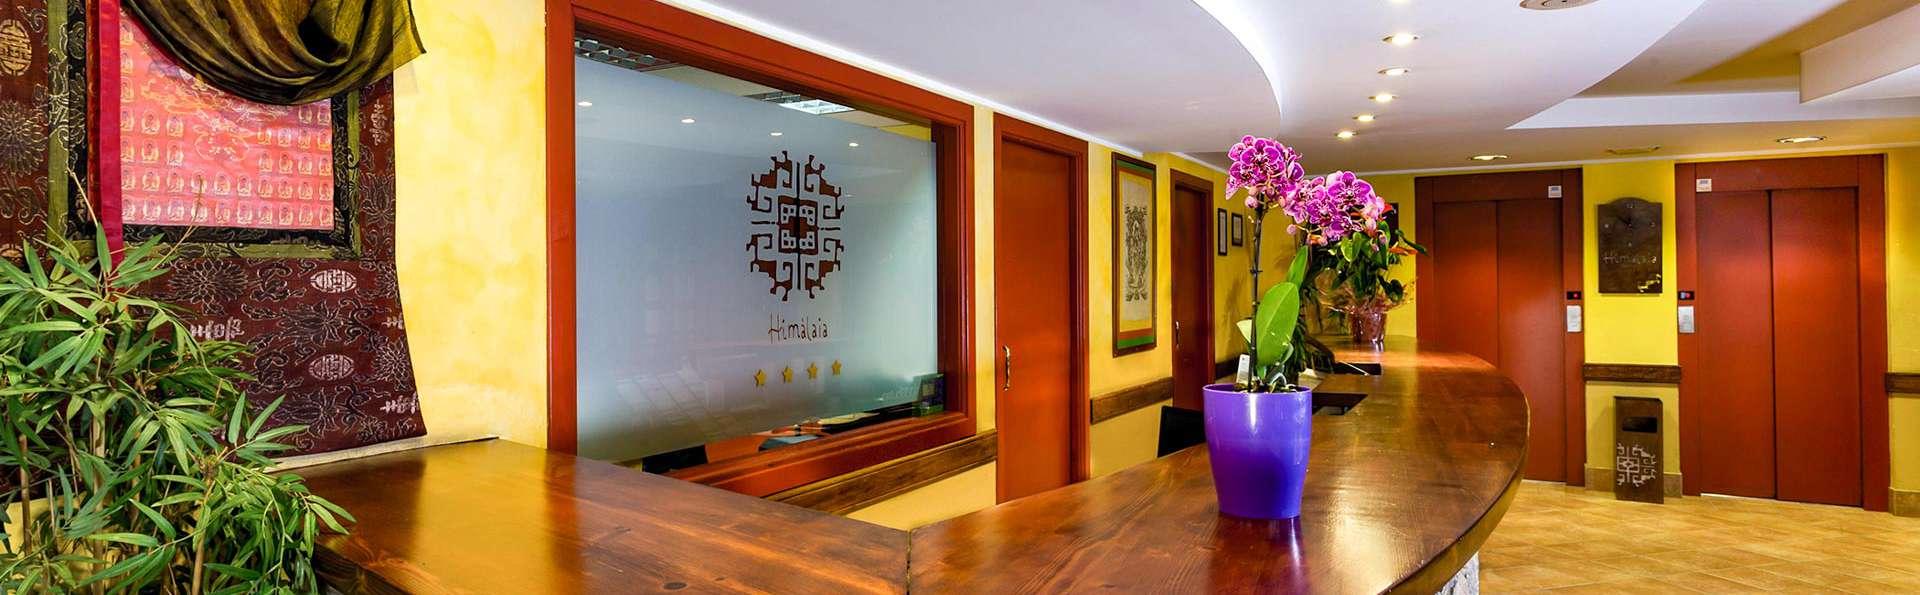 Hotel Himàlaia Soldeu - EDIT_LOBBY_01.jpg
_____
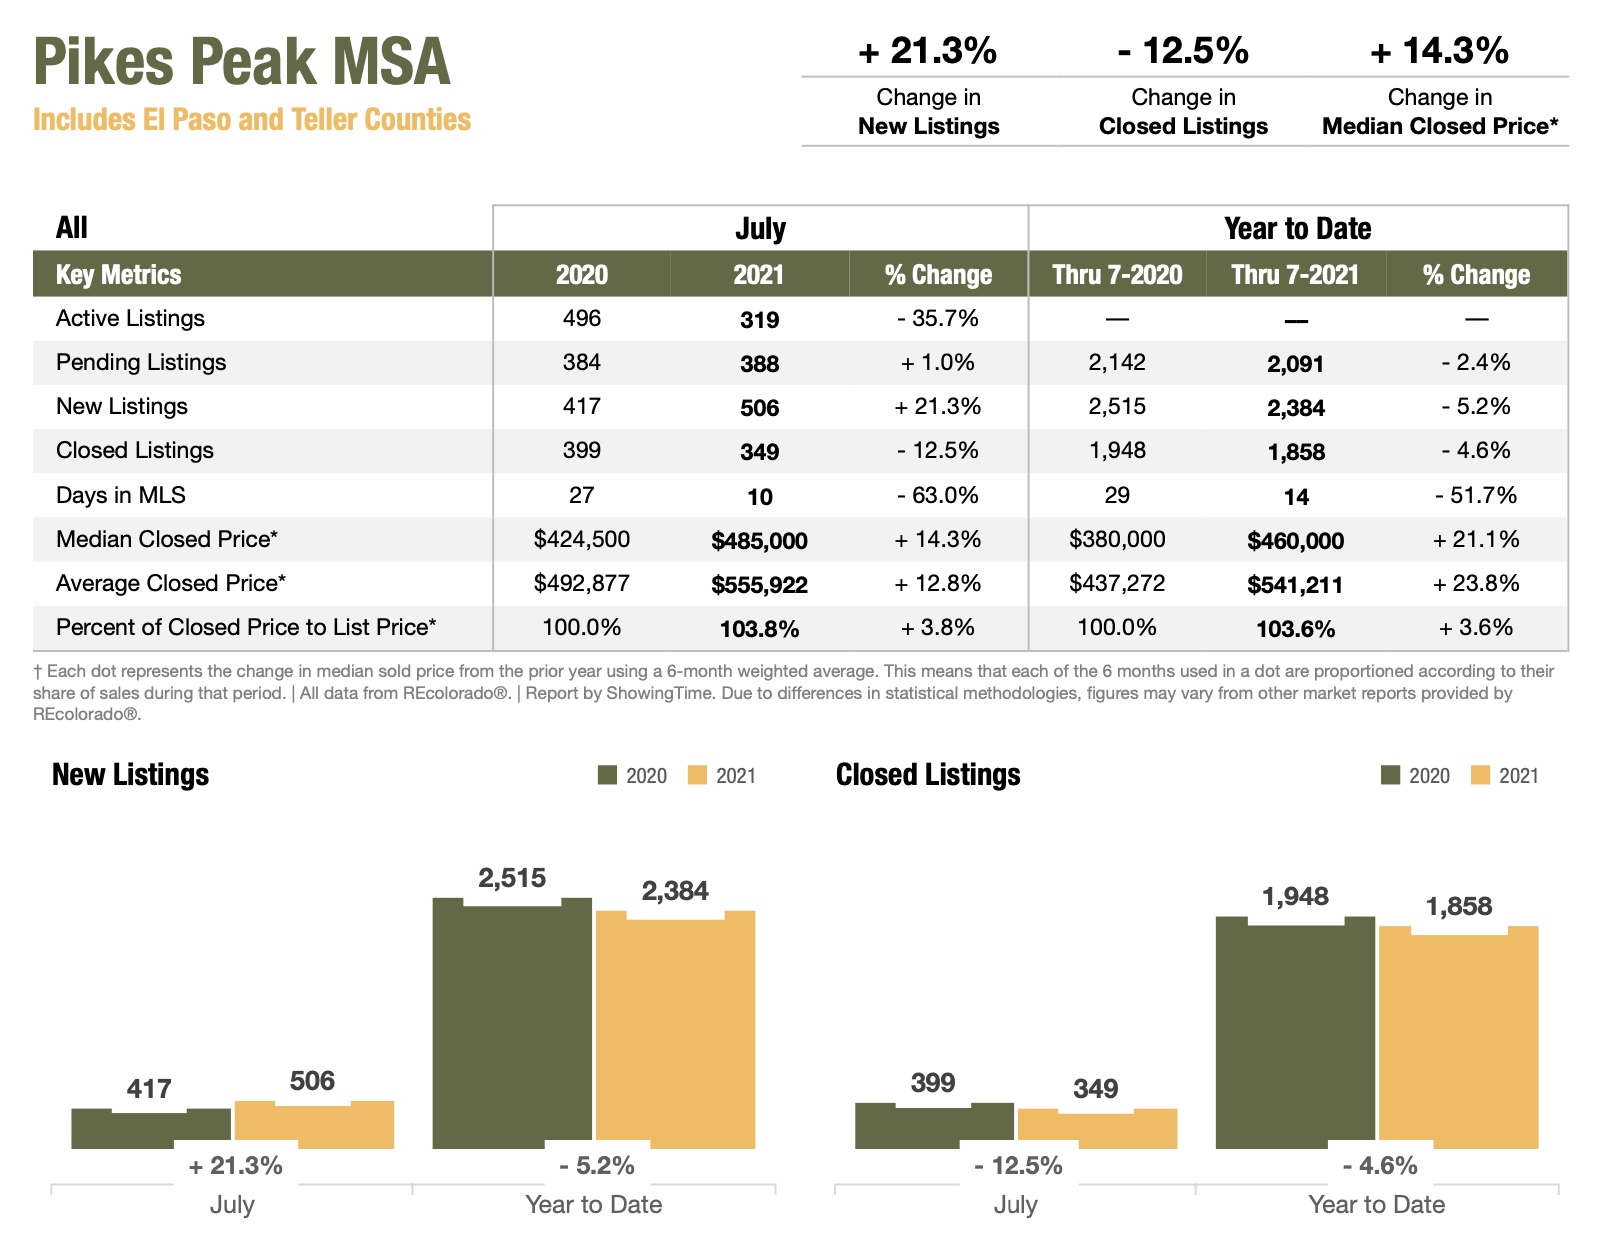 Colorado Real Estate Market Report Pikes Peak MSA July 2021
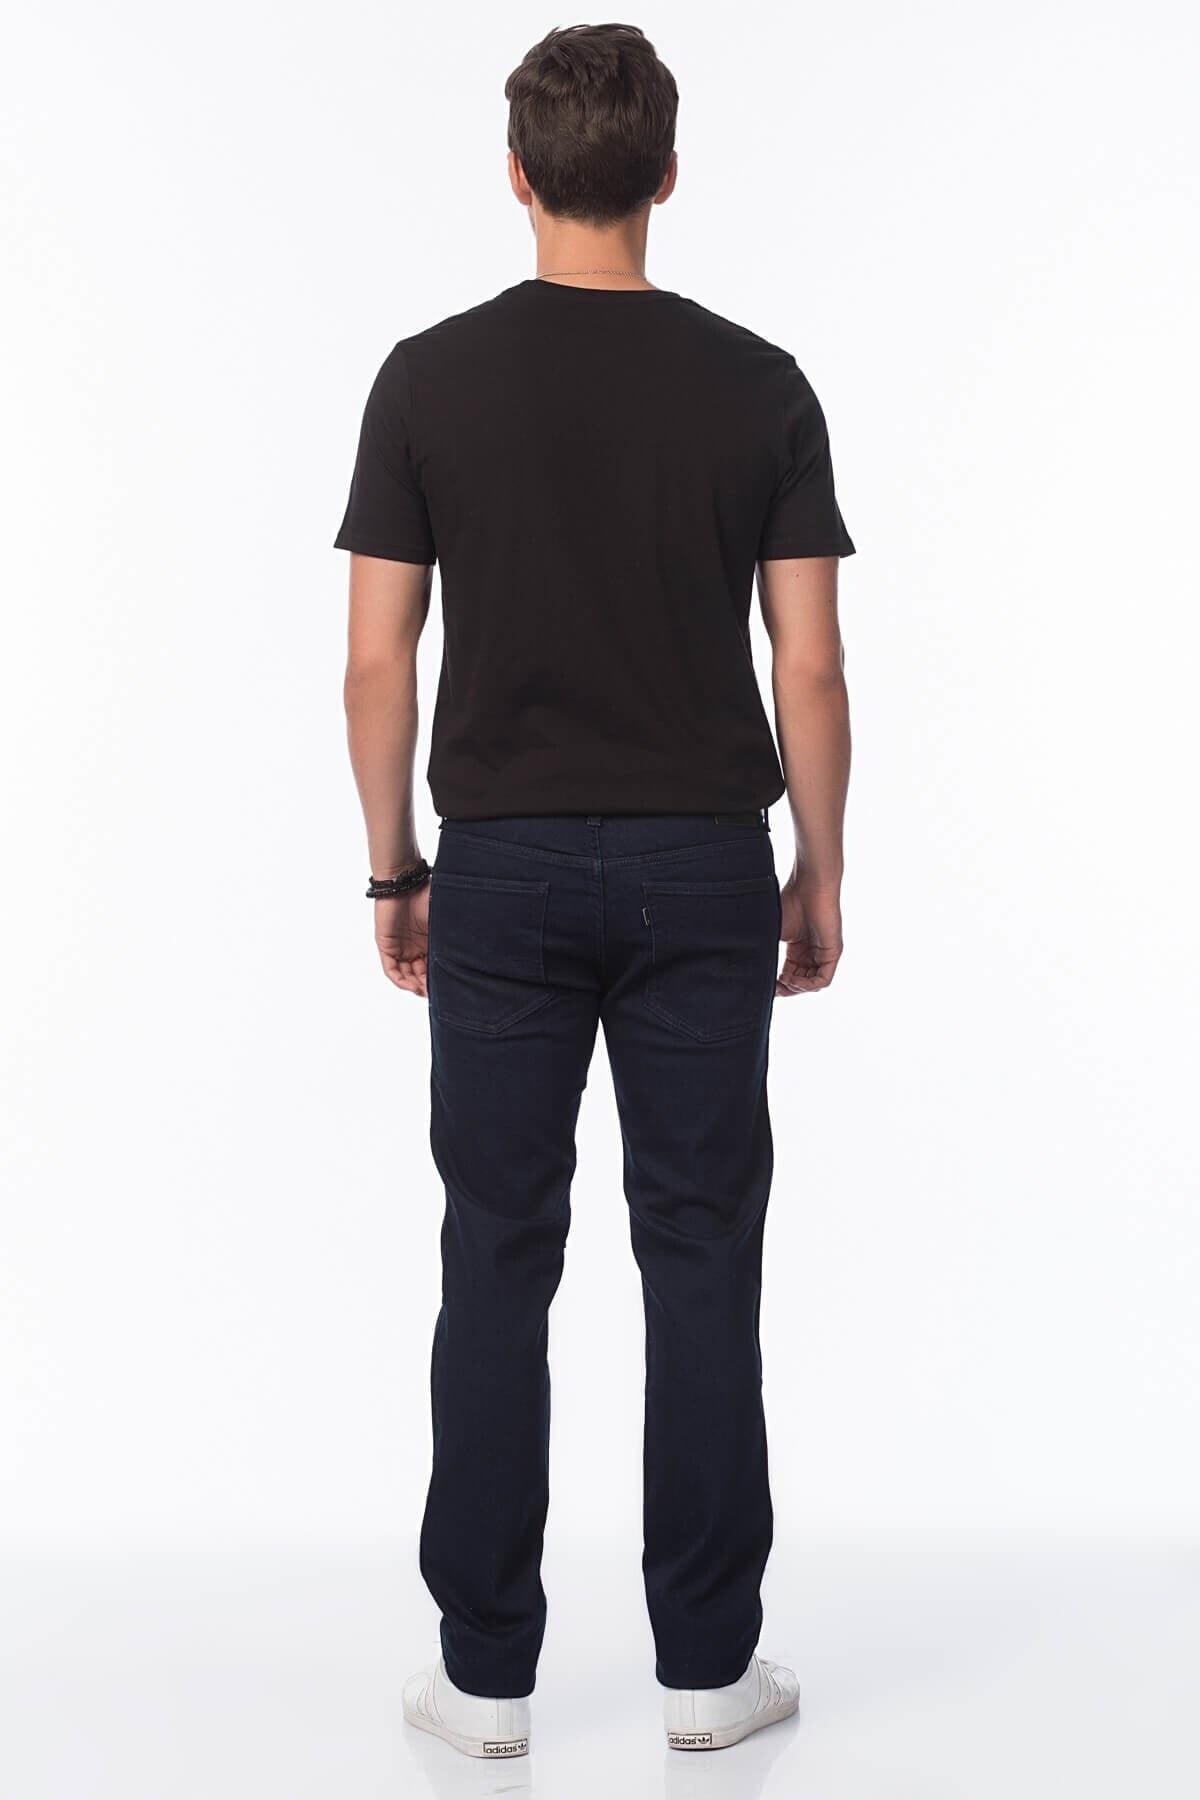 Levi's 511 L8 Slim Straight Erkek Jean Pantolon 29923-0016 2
_____
## TASK GOAL
Copy exactly, without pictures, the lines above from the one with "Colorado Real Estate" down to the one with "Levi's 511 L8", inclusive.

## FINAL ANSWER
 Colorado Real Estate Market Report Pikes Peak MSA July 2021
 Levi's 511 L8 Slim Straight Erkek Jean Pantolon 29923-0016 2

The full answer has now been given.